I have a text file that contains data that I am trying to make more easily readable. Some of the lines, e.g. info 2 below, have the results over multiple lines, where there is a line break followed by a number of spaces (see below).
info 1 : holiday
info 2: today the weather is very \n\r
hot
I would like to remove all line breaks where there is a line break followed by a space. I have tried using
tr '\n\r ' ' ' < test.txt
but this removes all line endings. Is there a way to remove only those line endings followed by a space? I have quite a number of small files which I want to loop over.
Thanks in advance for any help!
CodePudding user response:
tr
is for TRanslating characters. It replaces characters in the first set for characters in the second set. This is a set of characters, the order of characters in the set do not matter (that much) for tr.
Is there a way
Yes, you have to match a newline followed by spaces and remove them. Note that most unix tools work on newlines, you have to use tools that work on the whole file. For example, with GNU sed:
sed -z 's/\n\r //'
CodePudding user response:
try
cat your_file | tr "\r\n" "#" | sed -e "s/# \ / /g" | tr "#" "\n"

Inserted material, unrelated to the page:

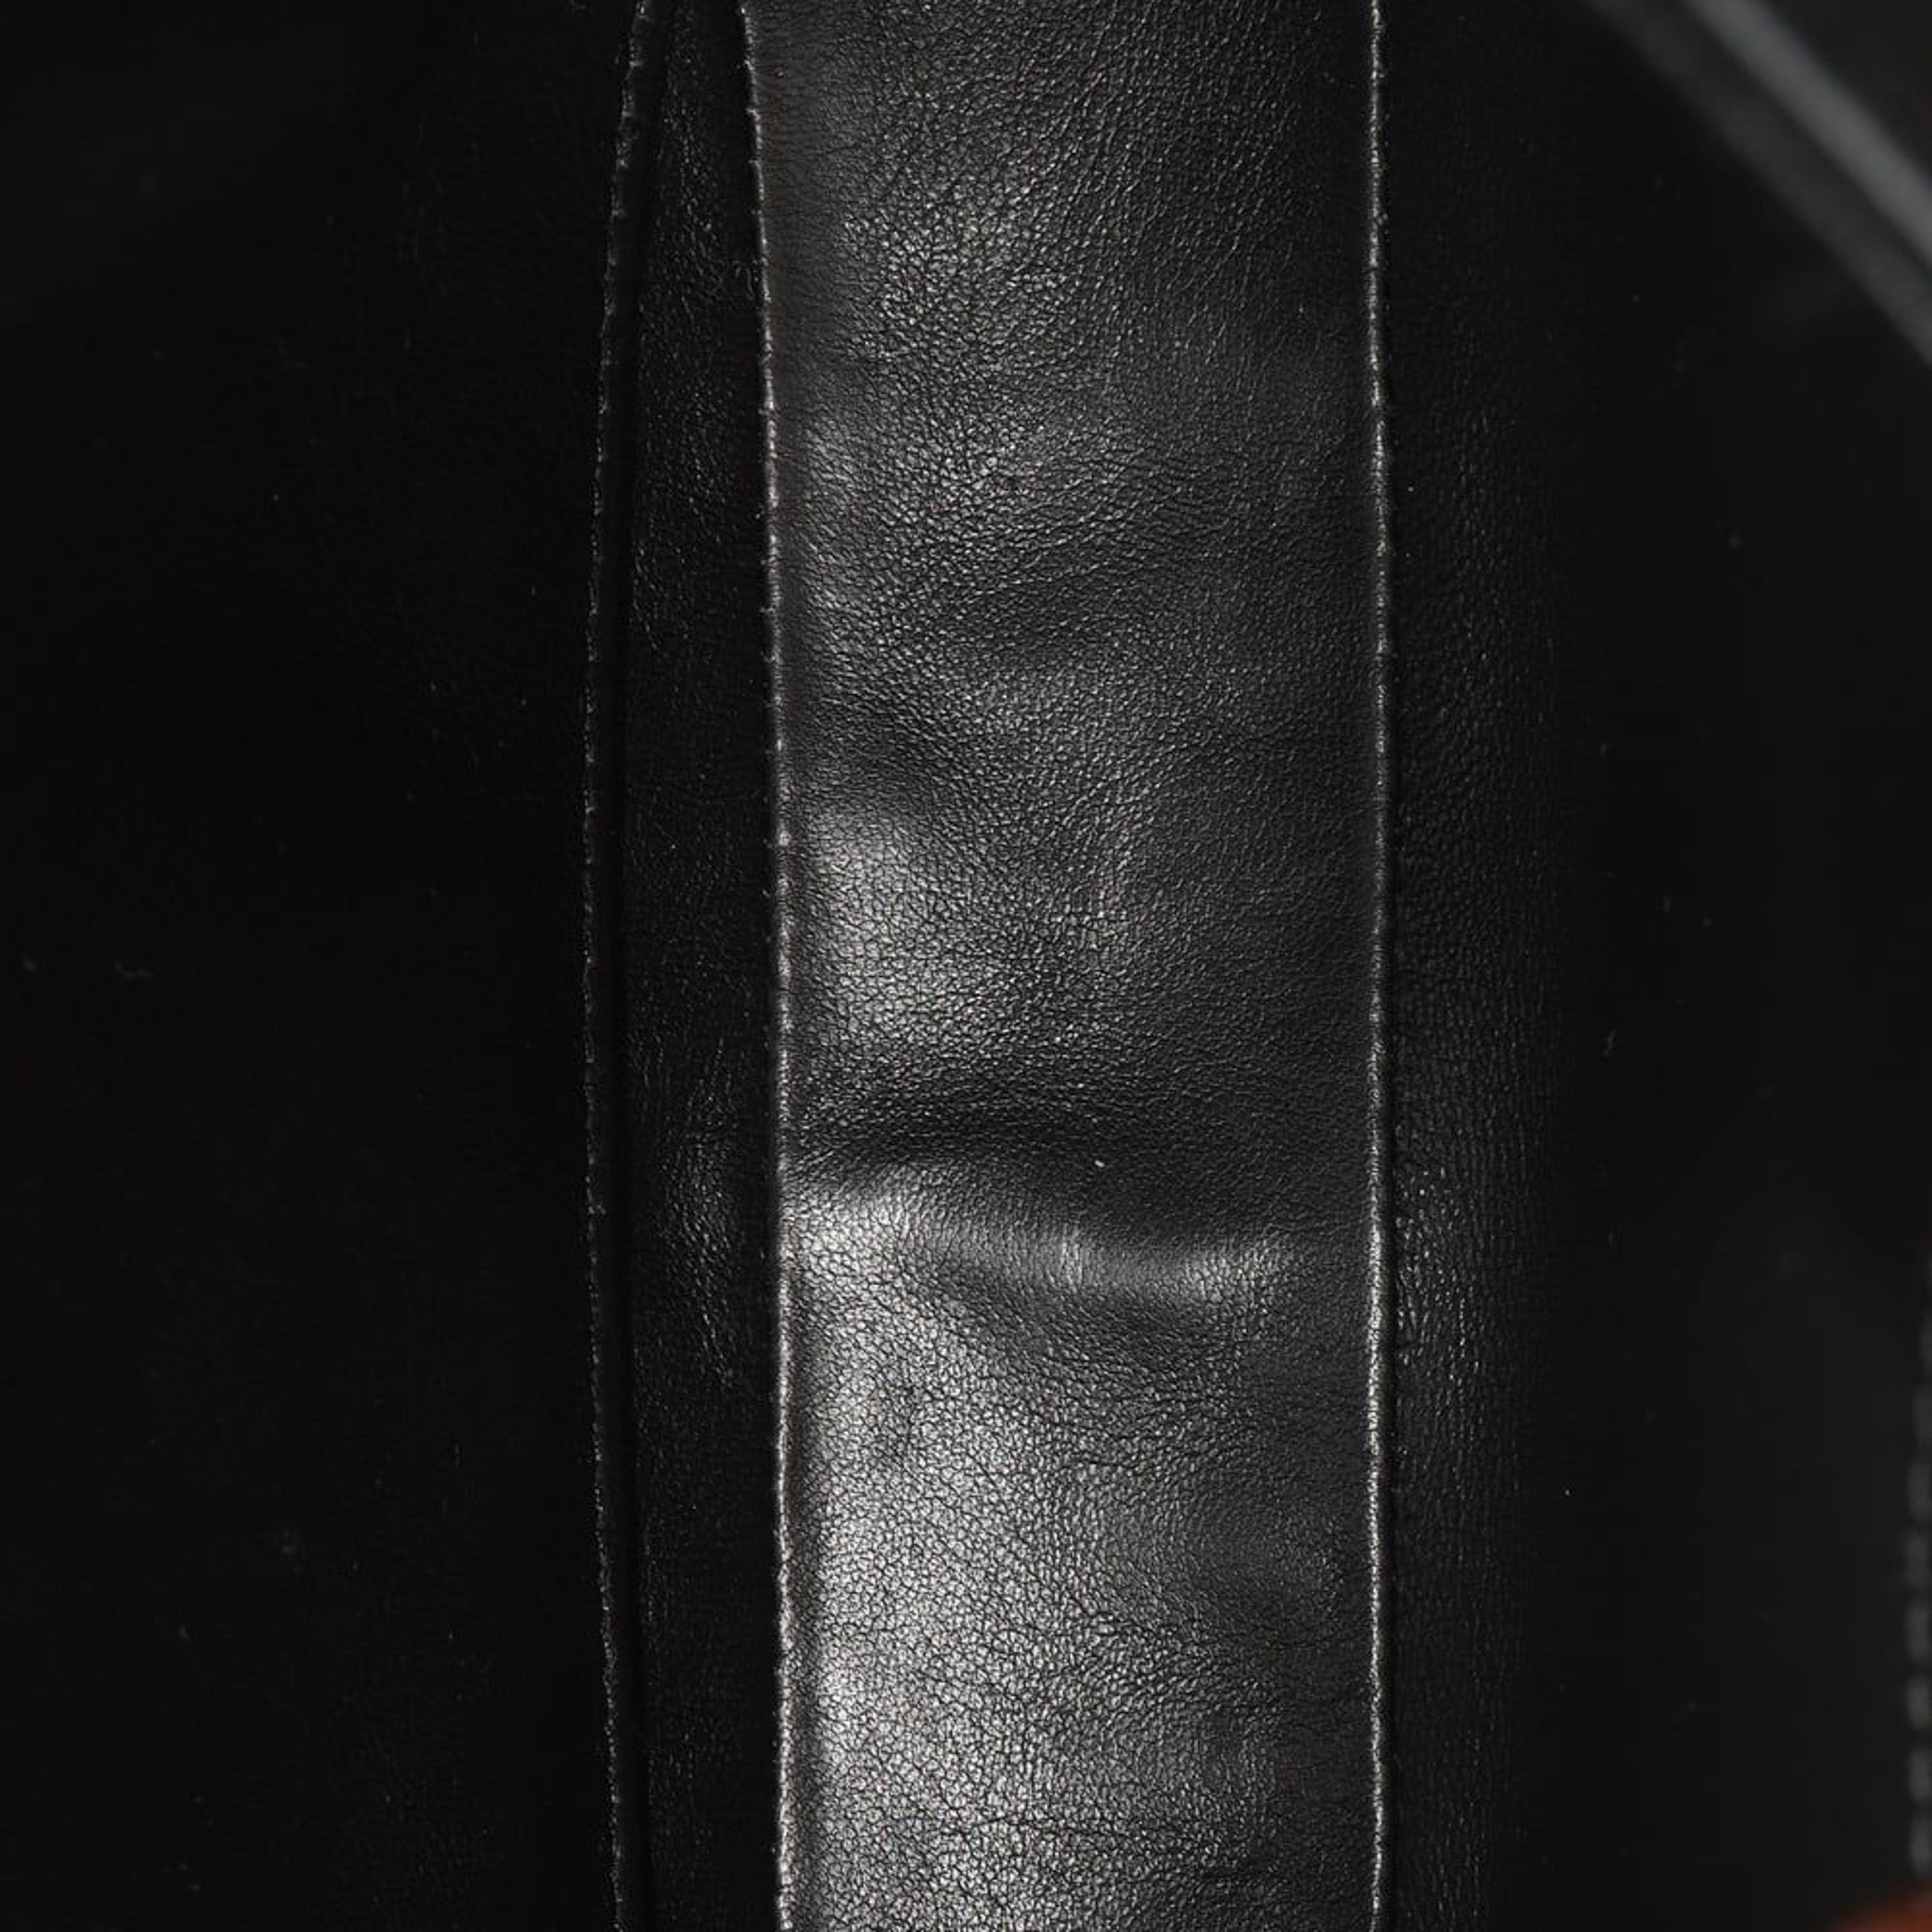 PRADA Prada Cleo Shoulder Bag in Black Brushed Leather - Vault 55
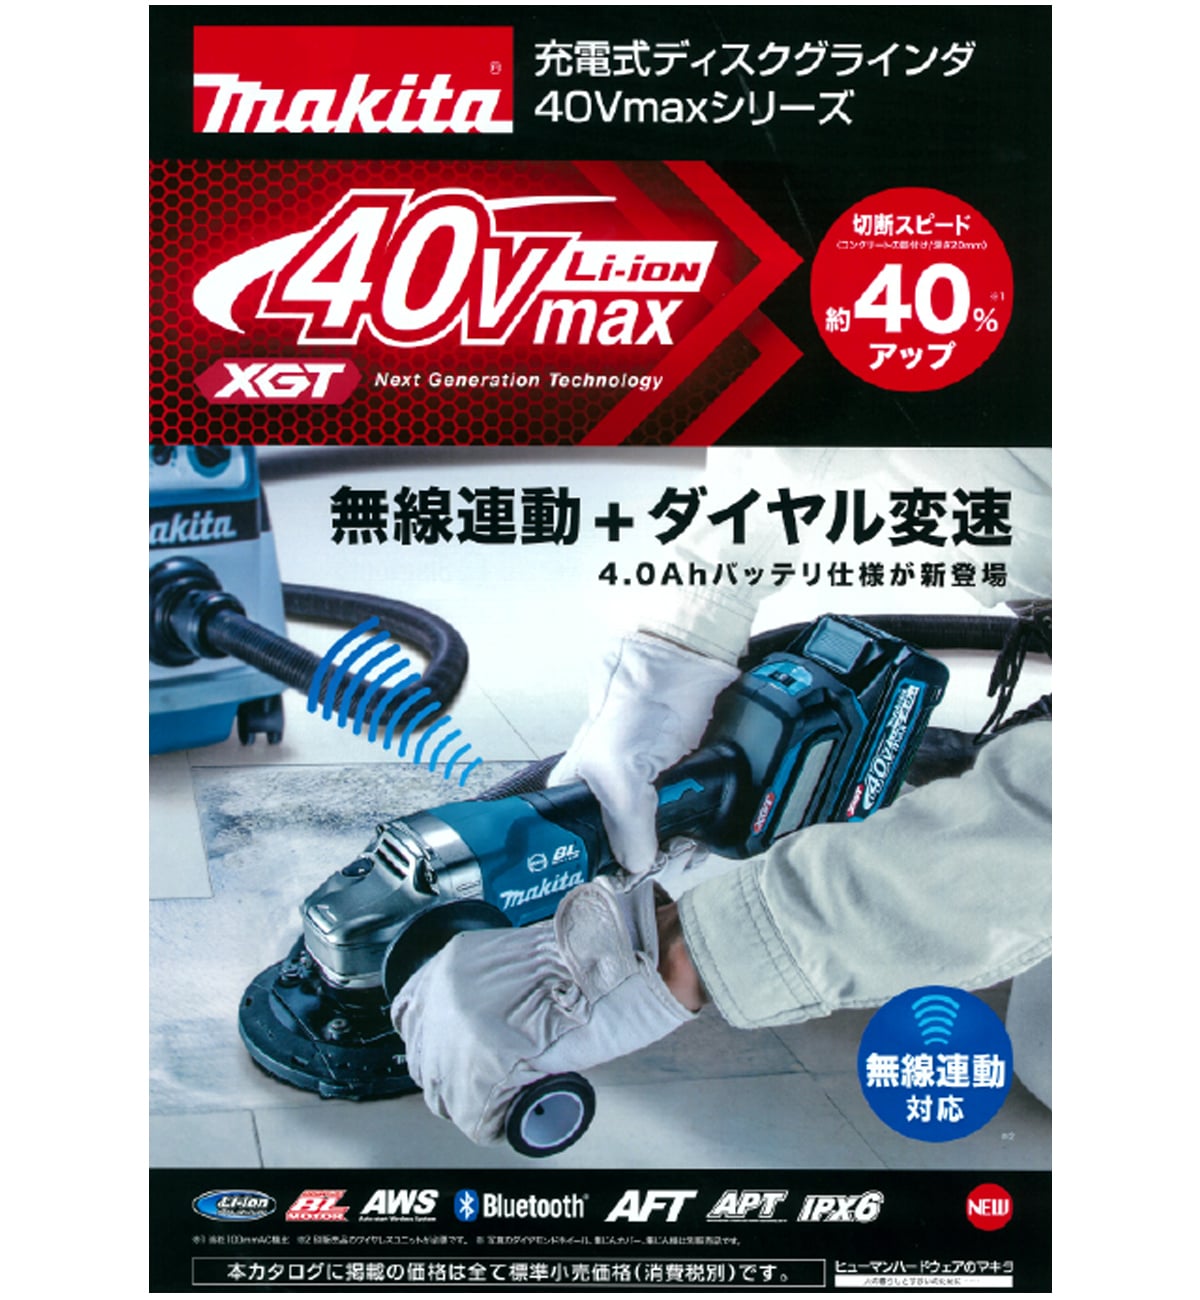 マキタ GA018GRMX 40Vmax充電式ディスクグラインダ125mm ウエダ金物【公式サイト】

replace "#" on any symbol, that not exists in your text
CodePudding user response:
You could use sed
for this
$ sed ':a;N;s/\(\\n\\r\)\?\n \ \(.*\)/\2/;ba' input_file
info 1 : holiday
info 2: today the weather is very hot
CodePudding user response:
Using perl:
perl -p0e 's/ *\r\n / /g' test.txt
CodePudding user response:
You could read all lines into the pattern space, and then match the newline \n\r
and capture at least a single space in a group.
In the replacement the backreference \1
to the captured space.
sed ':a;$!{N;ba};s/\n\r\([[:blank:]]\)/\1/g' file
Output after the replacement:
info 1 : holiday
info 2: today the weather is very hot